The Dangers of E-Cigarettes

Electronic cigarettes first became available in the United States in 2006. Since their release, their popularity has skyrocketed with more than 250 brands of e-cigarettes now sold. Oddly enough, there are now professional vape cloud competitions. People actually compete to blow the biggest, densest cloud. This just goes to show that e-cigs are considered safe, but especially cool, among the young generations.

Today, more high school students use e-cigarettes than regular cigarettes. High school students are also more likely to use e-cigs than adults. Unfortunately, e-cigs have proven detrimental to the brain development of young adults. Moreover, exposure to nicotine from childhood to age 25 can lead to addiction and behavioral problems. The U.S. Surgeon General, Dr. Vivek H. Murthy, recently denounced e-cigarette use because of its possible health risks. Since Dr. Murthy’s message to teens and parents, several studies have released research proving the damaging effects e-cigs have on health. Just this year, research has discovered dangerous metals in e-cigs, as well as its desensitizing effects on teens and potential cardiac risks.

E-Cigs Contain Toxic Metals

According to a study recently published in the journal Environmental Research, e-cigs can contain high levels of toxic and potentially cancer-causing metals. The study leader, Ana Maria Rule of Johns Hopkins Bloomberg School of Public Health in Baltimore, said, “We do not know if these levels are dangerous, but their presence is troubling and could mean that the metals end up in the aerosol that e-cigarette users inhale.”

During the study, the researchers analyzed the liquid of five top brands, typically associated with the first-generation e-cigarettes. In those five brands, the researchers discovered heavy metals like cadmium, chromium, lead, manganese and nickel. When inhaled, the metals are toxic. The researchers conclude that the metals are released from the heating coil in the e-cig. If that is the case, then the liquid when heated by the coil and aerosolized may contain cancerous toxins. “Perhaps regulators might want to look into an alternative material for e-cigarette heating coils,” Rule said in a Hopkins news release. In Rule’s opinion, the FDA should regulate not only the ingredients used in e-cigarette liquid but also the quality control of the devices.
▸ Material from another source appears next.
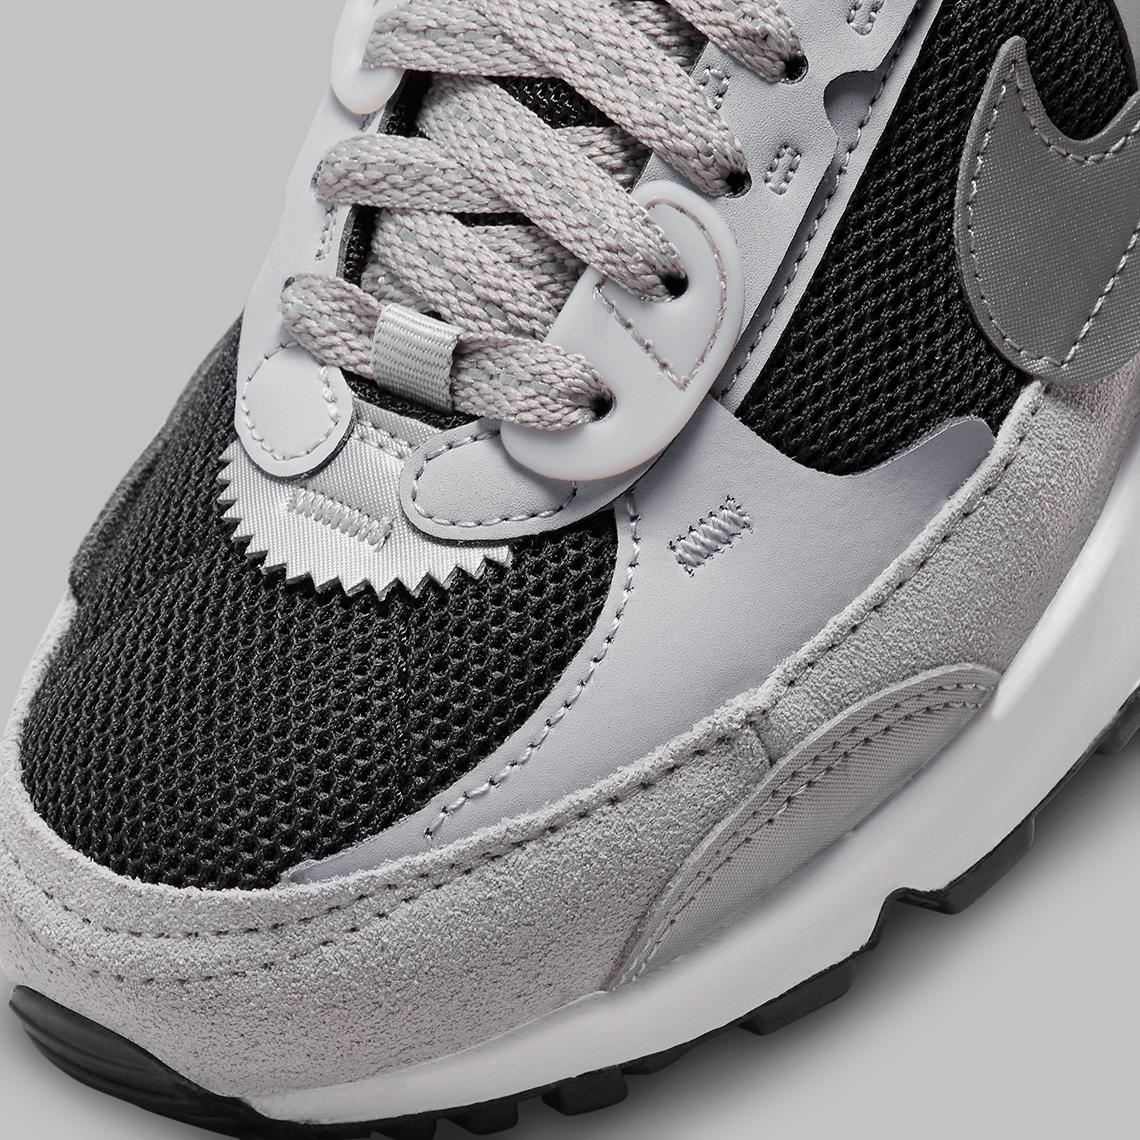 Nike Air Max 90 Futura “Black/Grey” FN7777-001 | SneakerNews.com

E-Cigs Desensitize Teens to the Dangers of Tobacco

Published on February 7 in the journal Tobacco Control, a new study observed that teens who “vape” are more likely to smoke a regular tobacco cigarette.

In 2014, researchers surveyed 347 teens, aged 17-18. Then in 2015, they surveyed them again. For those who had never smoked a regular cigarette, they were four times more likely to smoke if they tried an e-cig within the survey period, compared to those who didn’t try the e-cig. As for those that tried a cigarette before and have used an e-cig, their rate of tobacco use between the survey period more than doubled.

Interestingly, the study noted that e-cigarettes influenced the way teens viewed the dangers of smoking. Recent e-cigarette users were four times more likely than non-users to no longer regard smoking as a health hazard. This conclusion only further substantiates the claim that e-cigarettes are the gateway to tobacco smoking among teens. Richard Miech, who’s with the University of Michigan Institute for Social Research, said, “The results support a desensitization process, whereby youth who ‘vape’ lower their perceived risk of cigarette smoking.”

E-Cigs Increase the Risk of Heart Disease

A study, recently published in the journal JAMA Cardiology, suggests that “vapors” may face an increased risk for heart disease. In the study, those who had vaped within the last year showed two early indicators of heart risk. For instance, many of the e-cig users are put at a higher risk of oxidative stress at which point the “free radicals” reach harmful levels. Researchers also noticed increased cardiac sympathetic activity in e-cig users, which ultimately leads to increased heart rate and blood pressure.

Study co-author Dr. Holly Middlekauff, a professor with the division of cardiology at the University of California, Los Angeles, said that the research revealed “the same types of abnormalities in our e-cigarette users that are reported in tobacco cigarette smokers, and these abnormalities are associated with increased cardiac risk.” Further research is still needed to pinpoint the variable causes, as well as compare the cardiac effects of e-cigs versus traditional cigarette smoking. Regardless, this study shows that e-cigs are not as harmless as previously believed.